Since it is a mitzvah to make kiddush at the beginning of Shabbos, the Chachomim established that one may not eat or drink anything, even water, from when the sun sets until after making Kiddush. The reason for this is unlike the reason we do not eat before other mitzvos such as Shofar and Lulav. In those cases, the reason is to ensure that one not forget to fulfill the mitzvah. In this case, it is because the concept of Kiddush is to sanctify the food we are eating and proclaim that we are doing so in honor of Shabbos. As such, by its very definition, Kiddush must be said before eating.
One who accepts Shabbos early and davens Maariv may not eat from the time he accepts the Shabbos until after he makes (or hears) Kiddush. This rule applies to both men and women. As such, a woman who accepts Shabbos by lighting the Shabbos candles should refrain from eating until after Kiddush.

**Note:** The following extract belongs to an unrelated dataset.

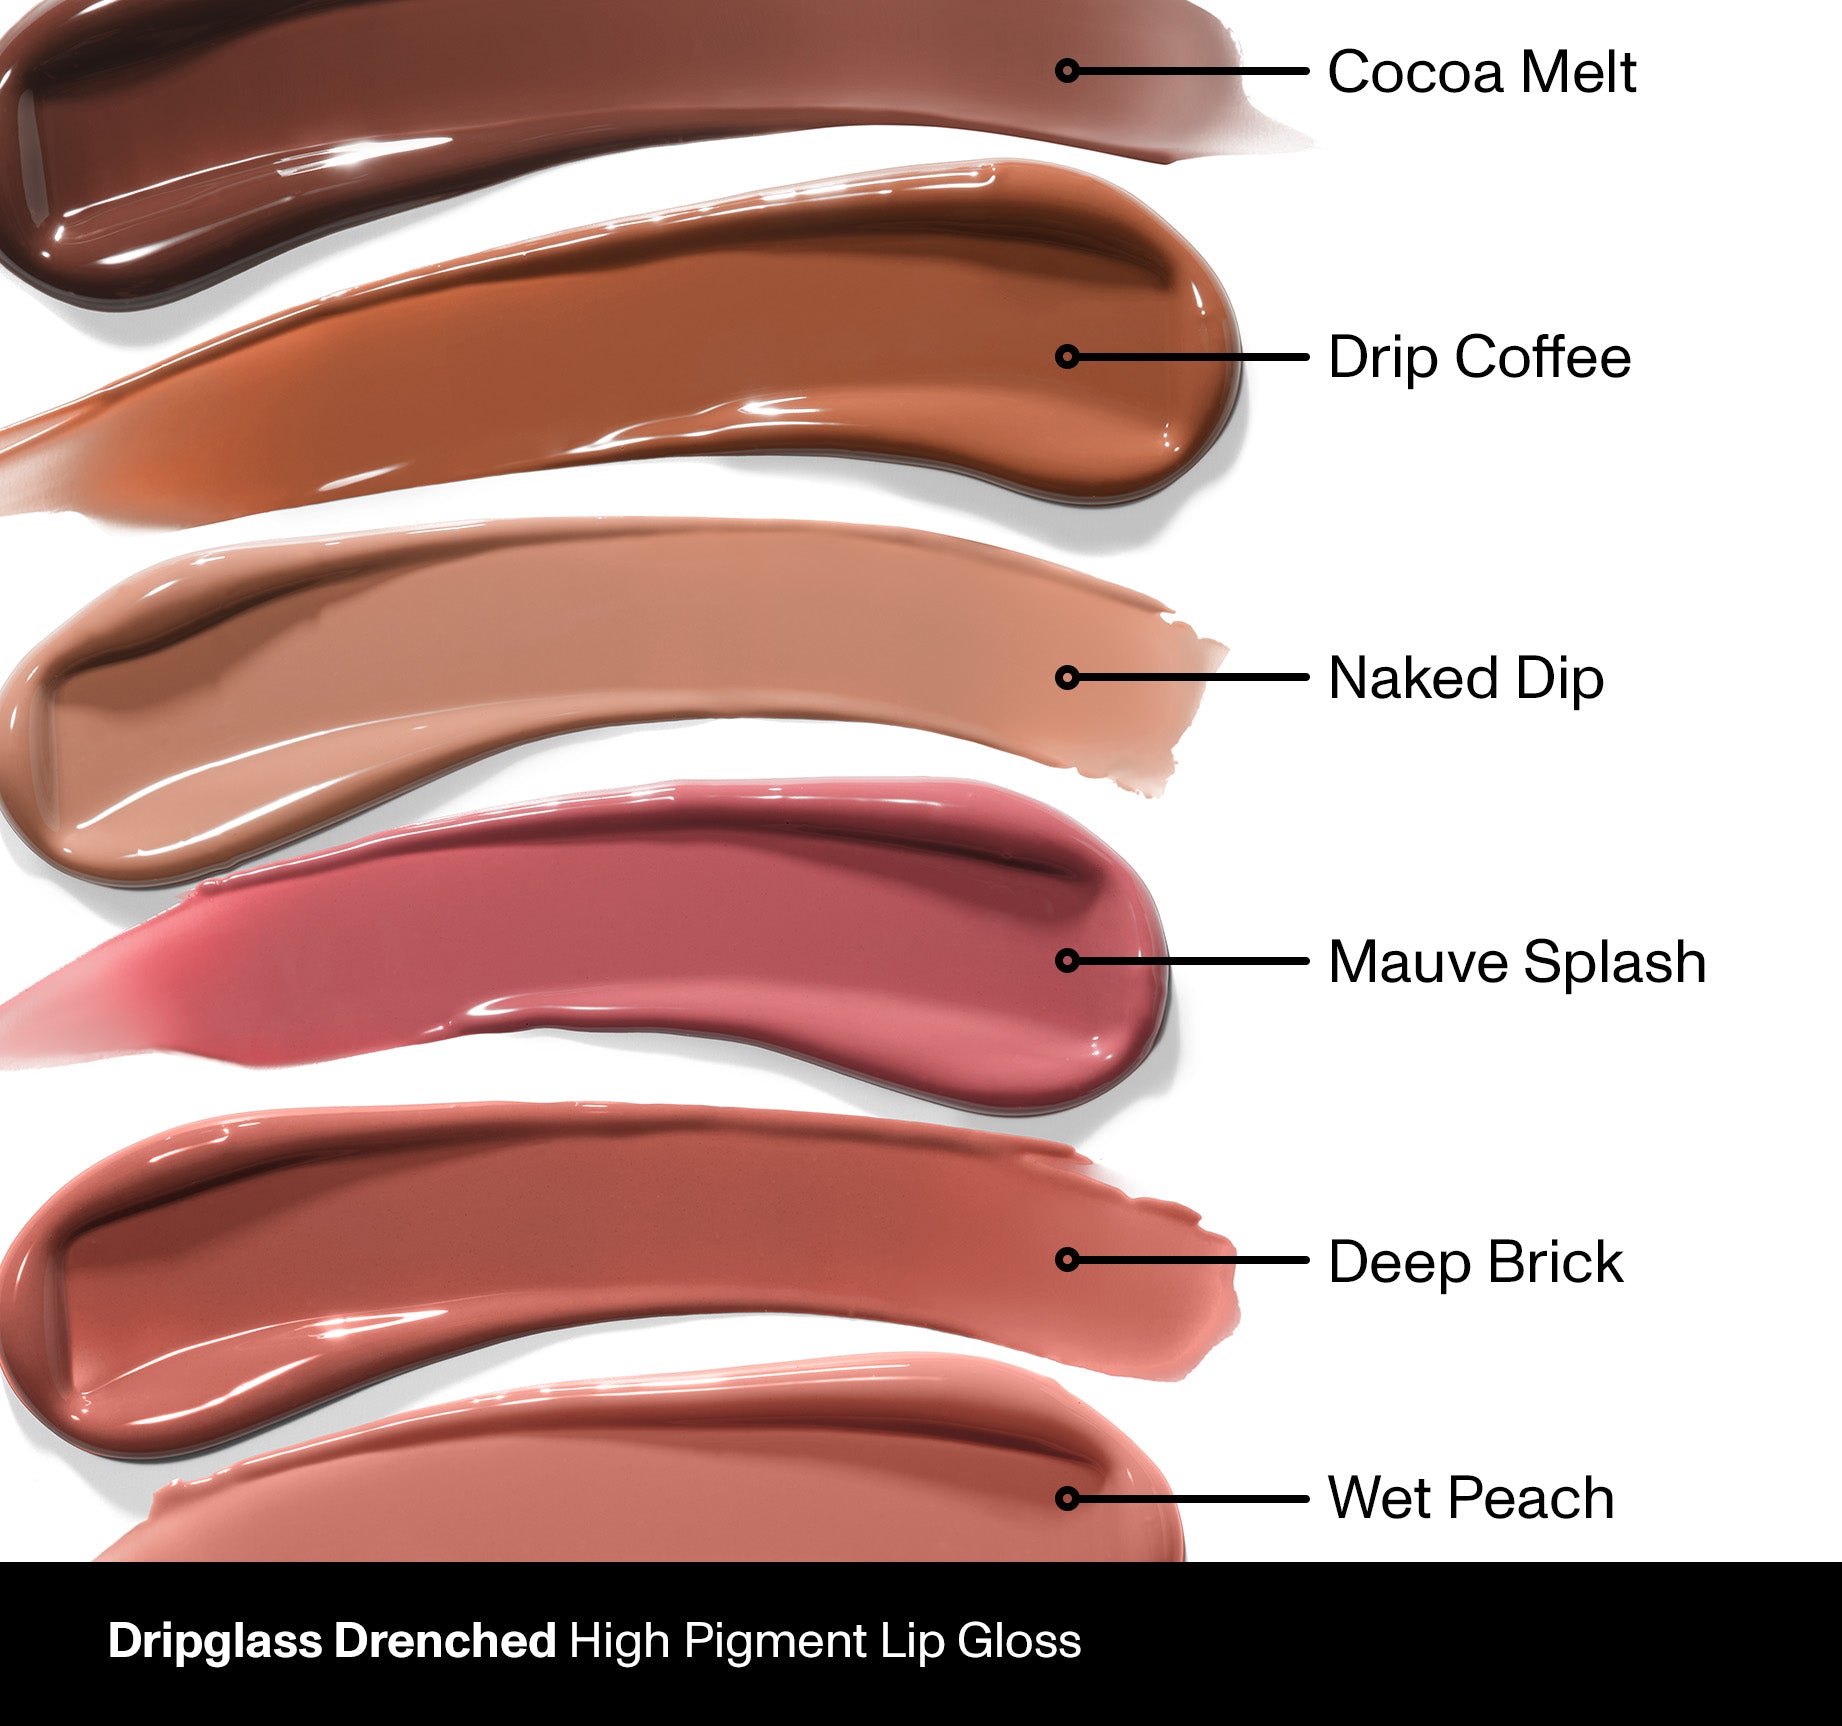 Dripglass Drenched High Pigment Lip Gloss - Drip Coffee - Image 4

One may not even drink water after sunset before making or hearing Kiddush. In this sense, Kiddush is stricter than Havdalah as, by the letter of the law, one may drink water after dark before Havdalah. (In practice, it is customary to not drink water before Havdalah.) The reason for this is that eating on Shabbos is considered a very significant act, so even a snack (or a drink) is Halachically important.
Issue #3: Excessive Drinking
In addition to all of the above, the “bein” sometimes involves excessive alcoholic drinking. This is not recommended except in the proper environment of a Chassidisher farbrengen and, even then, one should restrict themselves as per the Rebbe’s takona.
Hopefully, this information will reach those who have the “bein” custom, and they will refrain from it in the future.
In this merit, may they be blessed with the reward granted to all those who take pleasure in the Shabbos as is stated in the Nevi’im, “Then you will delight in G‑d.” And the Chazal state that all the sins of a person who delights in the Shabbos are forgiven, and he will be saved from the judgment of Gehinnom (Shulchan Aruch Admur HaZakein 243:1).